2022年5月のM&A件数(適時開示ベース)は前年同月比11件増の78件で、1月以来4カ月ぶりに前年を上回った。年明けにオミクロン株の一時流行、その後はウクライナ危機、急激な円安が続いているが、ひとまず失速を免れた格好だ。ただ、国内案件が堅調に推移する一方、国境をまたぐ海外案件は低調なままで、こうした構図に変化は見られない。
取引金額(公表分を集計)は4680億円。TOB(株式公開買い付け)に最大1680億円を投じる近鉄グループホールディングス(HD)の案件を含めて、100億円を超えるM&Aは11件あり、2月と並んで今年最も多かった。
上場企業の適時開示情報のうち、経営権の移転を伴うM&A(グループ内再編は除く)について、M&A Online編集部が集計した。
5月のM&A78件の内訳は買収66件、売却12件(買収側、売却側の双方が発表したケースは買収側でカウント)。このうち海外案件は12件(買収5件、売却7件)だった。
1~5月累計件数は前年同期を10件下回る385件。国内案件が前年同月比8件増327件に対し、海外案件は同18件減の58件。このうち海外案件については日本企業による買収と売却(買い手が海外企業)が各29件で拮抗している。
海外案件では昨年まで日本企業による買収件数が圧倒的に優勢だったが、ここへきて形勢が逆転しかねない情勢にある。ウクライナ危機による地政学的リスクの高まりや急激な円安が足かせになり、日本企業の海外M&A投資に慎重姿勢が広がっていることが考えられる。
金額トップは近鉄グループHDの案件。国際物流大手で株式47%余りを保有する持ち分法関連会社の近鉄エクスプレスをTOBを通じて完全子会社化するもので、買付代金は最大1680億円。近鉄グループHDとして過去最大のM&Aとなる。

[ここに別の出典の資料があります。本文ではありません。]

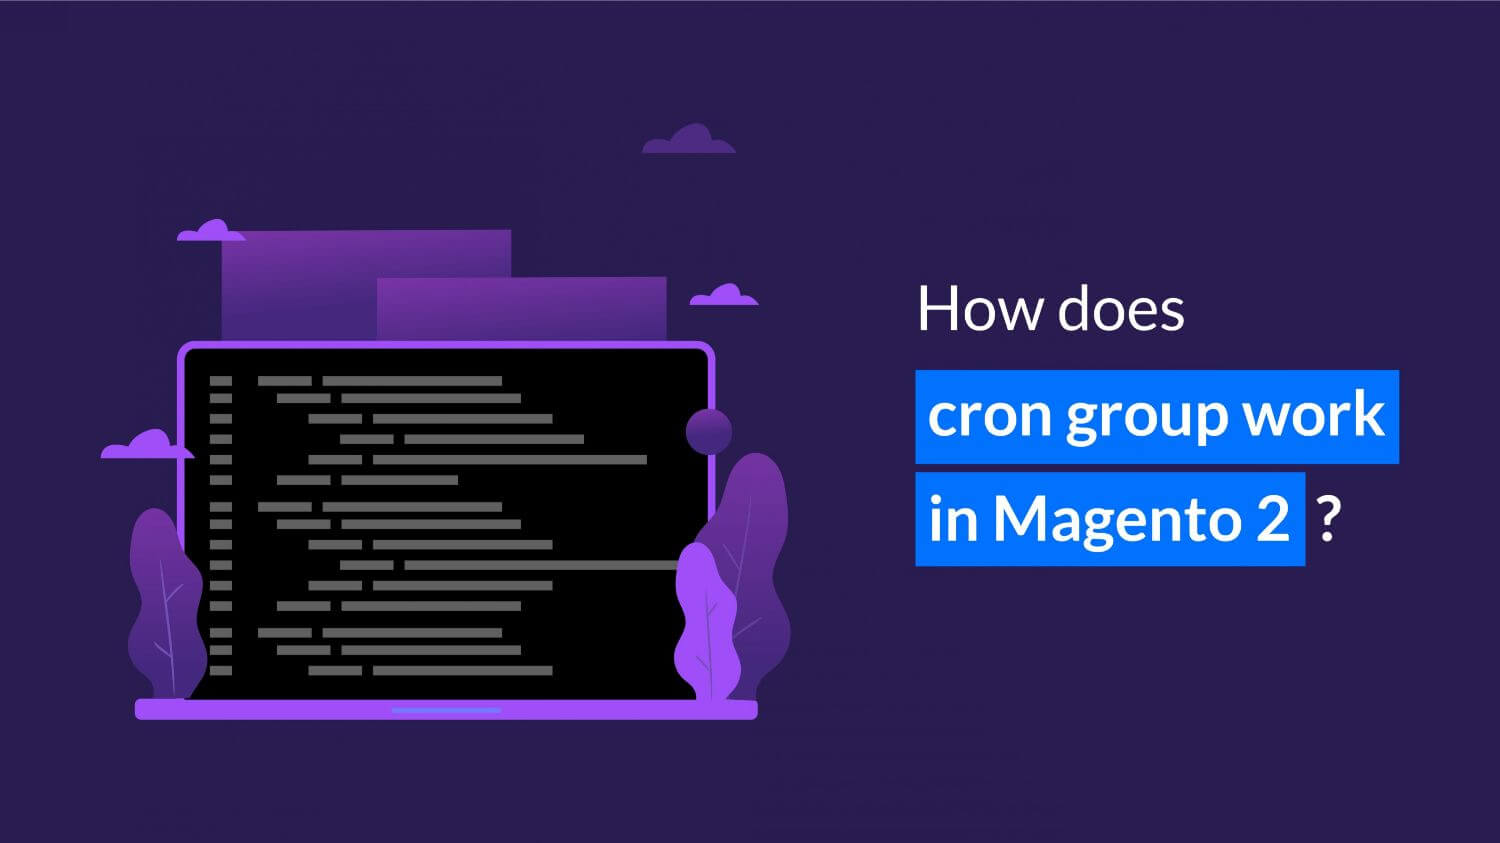 How does the cro job work in Magento 2 title image

近鉄グループHDは鉄道を中心とする鉄道、不動産、流通、ホテル・レジャーを4本柱とするが、コロナ禍が直撃して苦境に陥った。2021年3月期は売上高が6900億円とコロナ前に1兆1200億円から約4000億円落ち込み、621億円の営業赤字を計上した。
一方、近鉄エクスプレスはコロナ禍の中で業績を大幅に伸ばし、直近の2022年3月期は売上高9800億円、営業利益624億円と近鉄グループHDを圧倒する。B‐C(対消費者)事業がメインの近鉄グループHDとしては、安定的な収益が見込めるB‐B(企業間)事業を取り込み、グループ全体の事業基盤を強固にする狙いがある。